Poète galant, épistolier. Membre de l’Académie française dès 1634. Il est présenté par Perrault, dans Le Siècle de Louis le Grand comme un poète que le temps consacrera au « haut rang d’honneur ». S’il est qualifié de « tendr[e] Voitur[e] », c’est qu’il est un représentant éminent du courant galant ; la galanterie de ses œuvres est l’occasion pour l’Abbé de rendre compte de la supériorité des auteurs modernes sur les auteurs antiques qui « n’ont point parlé avec cet air fin, délicat et spirituel qui se rencontre dans les ouvrages des Voitures, des Sarasins […] » (III, p.189). La galanterie apparaît véritablement comme une valeur pour les Modernes, parfaitement exemplifiée par Voiture. Ses qualités d’épistolier sont notées par l’Abbé qui, répondant au Chevalier qui se demande s’il se trompe en préférant les lettres de Voiture à celles de Sénèque, de Pline et de Cicéron, déclare « qu’il n’y a rien de faux dans ce qu’il pense, il raisonne toujours conséquemment, et tout y est fondé jusqu’aux moindres bagatelles » (II, p.146-147). Voiture incarne les poètes modernes, originaux, qui ne s’appuient plus sur l’héritage antique pour composer : « Voiture ne s’est formé sur personne, c’est un original s’il y en eut jamais » (II, p.146). L’Abbé, représentant des Modernes, se dit prêt à comparer une lettre de Voiture (lettre d’éloge du cardinal de Richelieu, dont un extrait est inclus dans le Parallèle, II, p.359) à la plus belle de Cicéron, pour prouver la supériorité du galant sur l’antique.

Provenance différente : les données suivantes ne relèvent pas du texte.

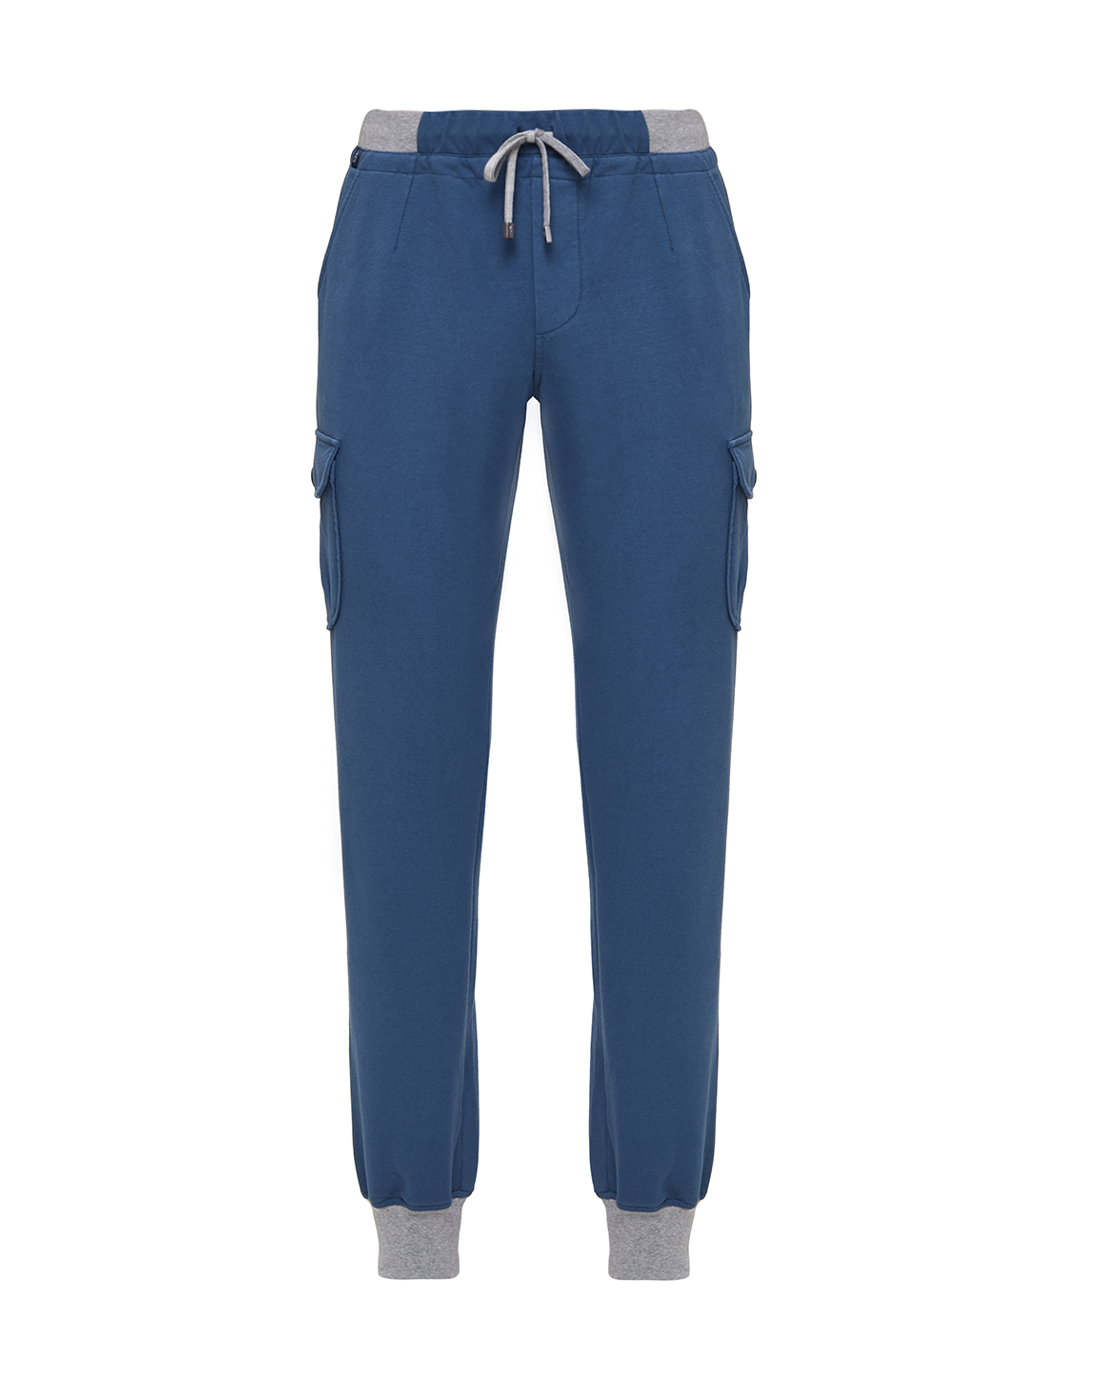 Мужские синие спортивные брюки Capobianco S10M737.FE01.JEANS-1
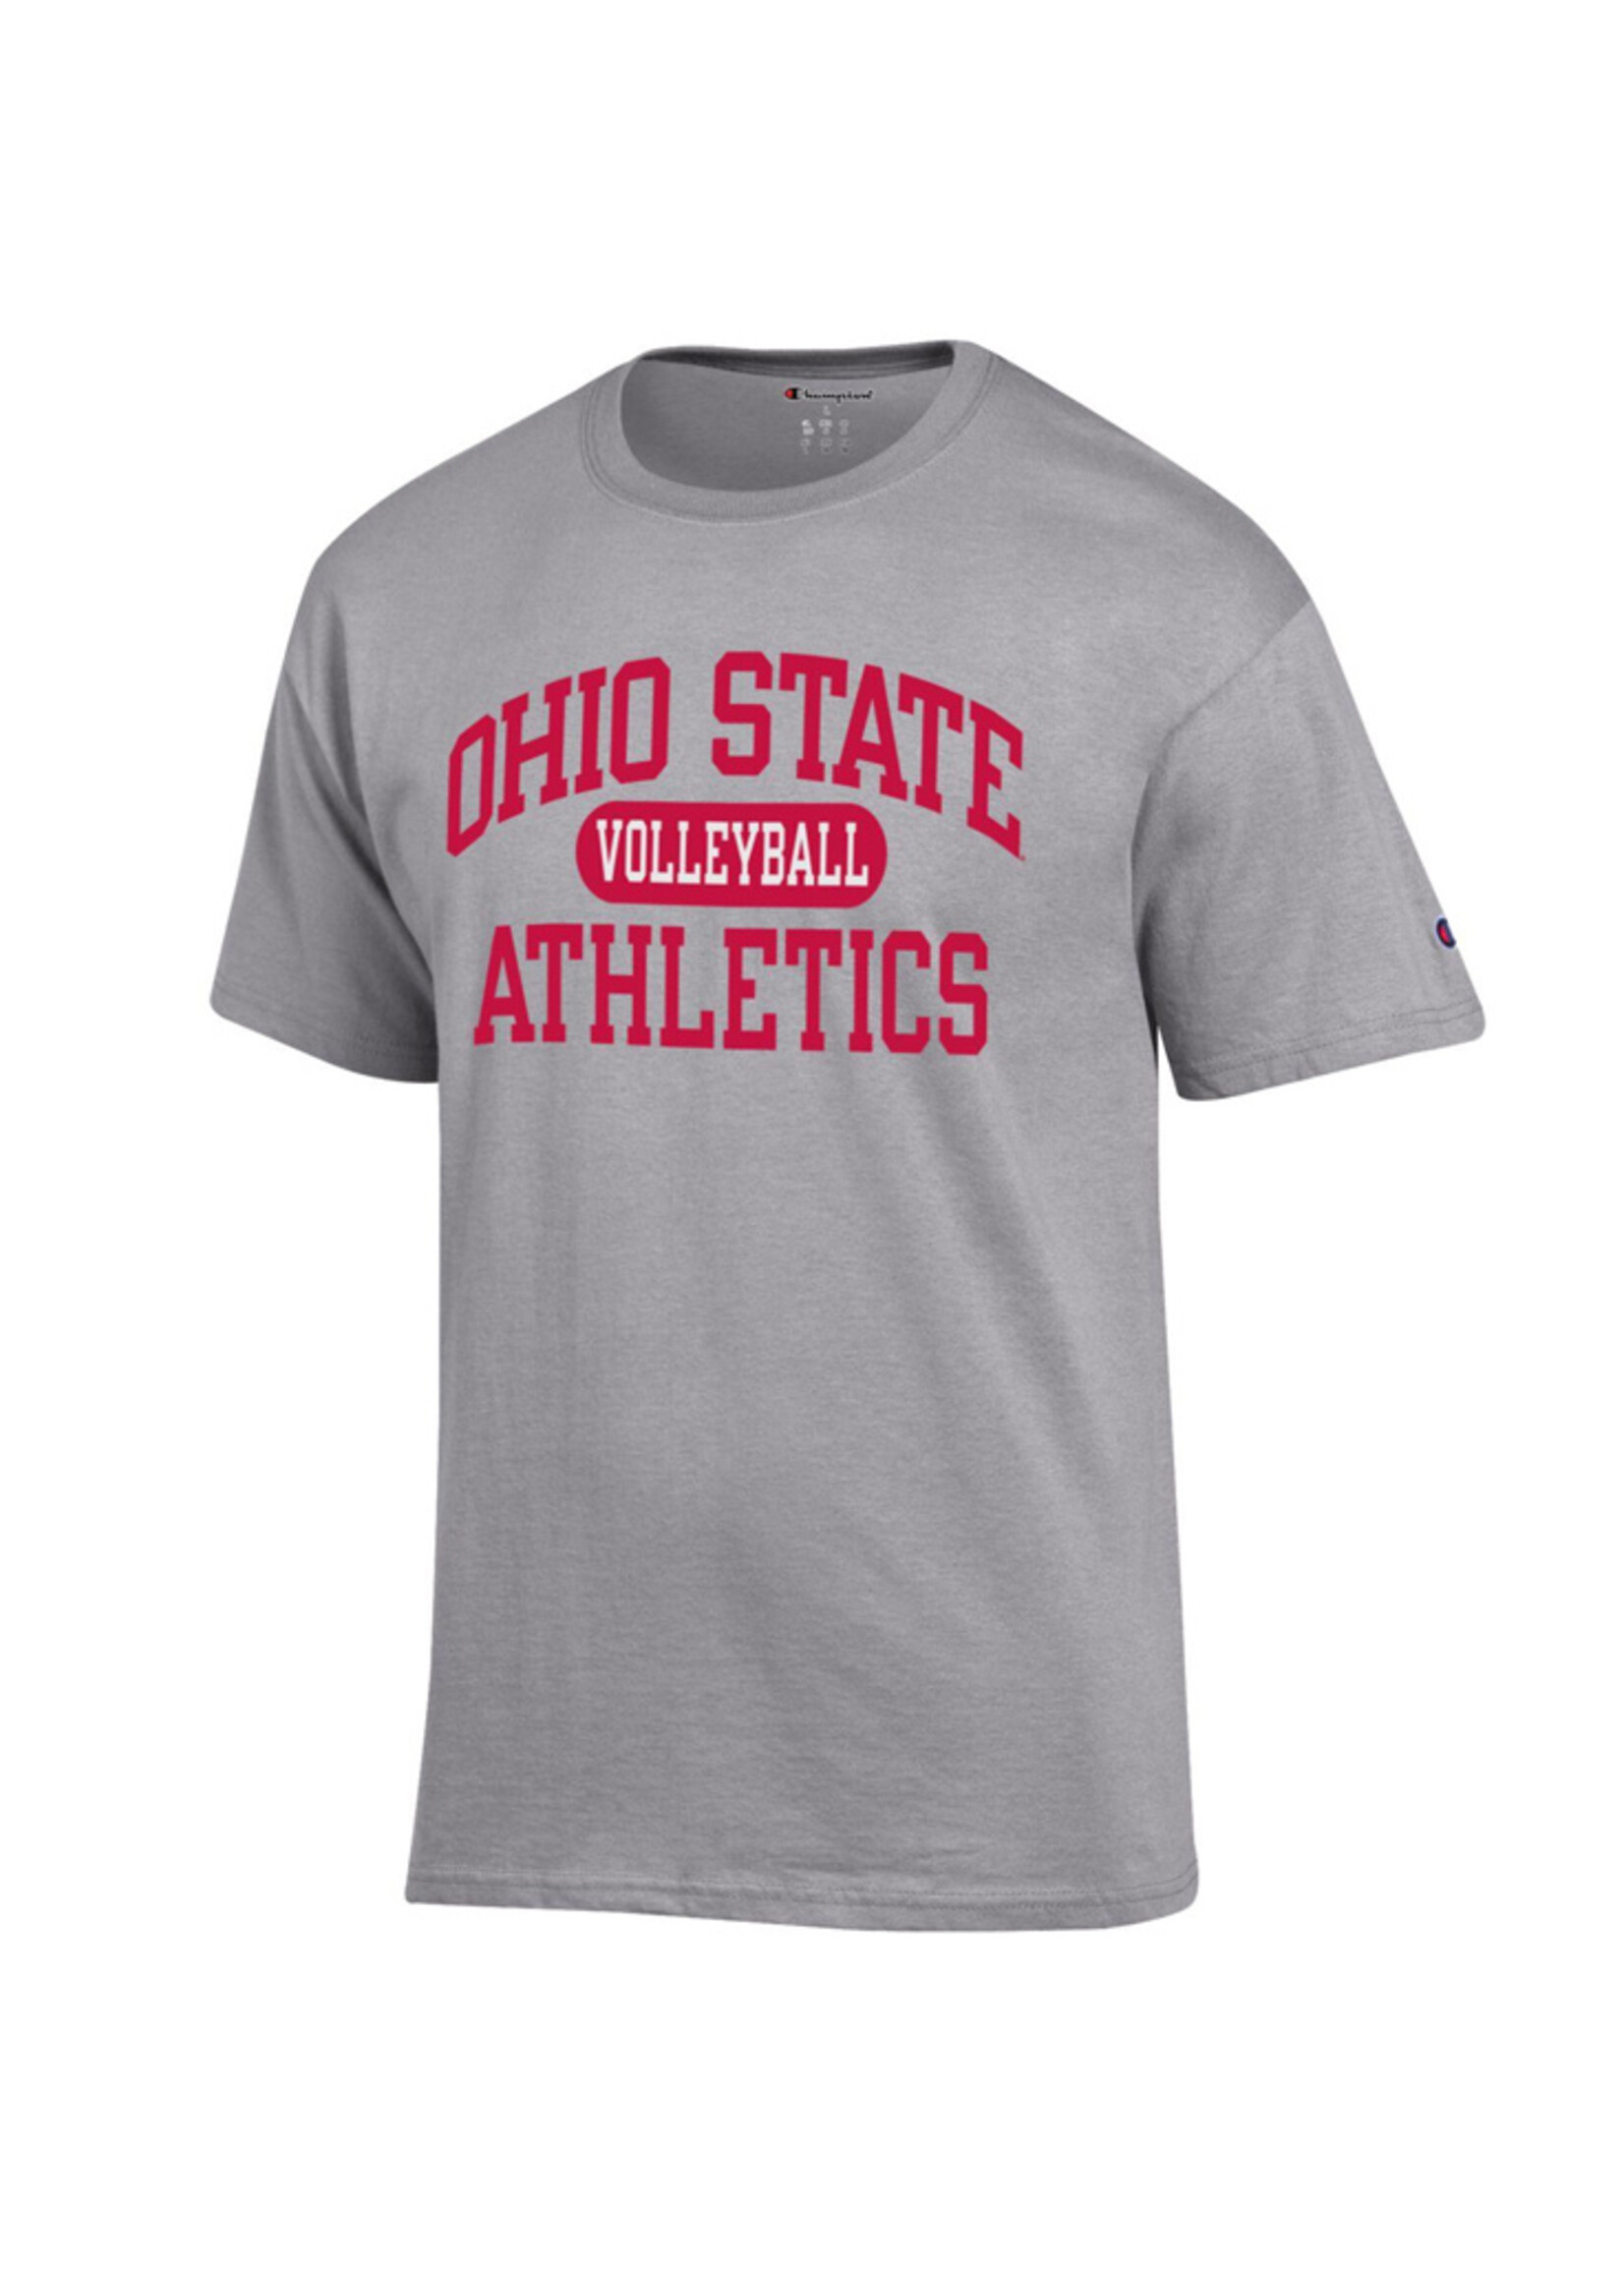 Ohio State Buckeyes Volleyball T-Shirt

Enfin la référence à Voiture est motivée par une réflexion de l’Abbé, qui veut opposer au Président l’idée que, si les auteurs Modernes reprennent effectivement les « ornements de la fable » utilisés par les auteurs antiques, ce n’est pas dans une attitude de « servile imitation », mais parce qu’ils leur donnent un « tour nouveau », qui confère au œuvres « la même grâce que dans les ouvrages de ceux qui s’en sont servis les premiers » (III, p.17). [ABM]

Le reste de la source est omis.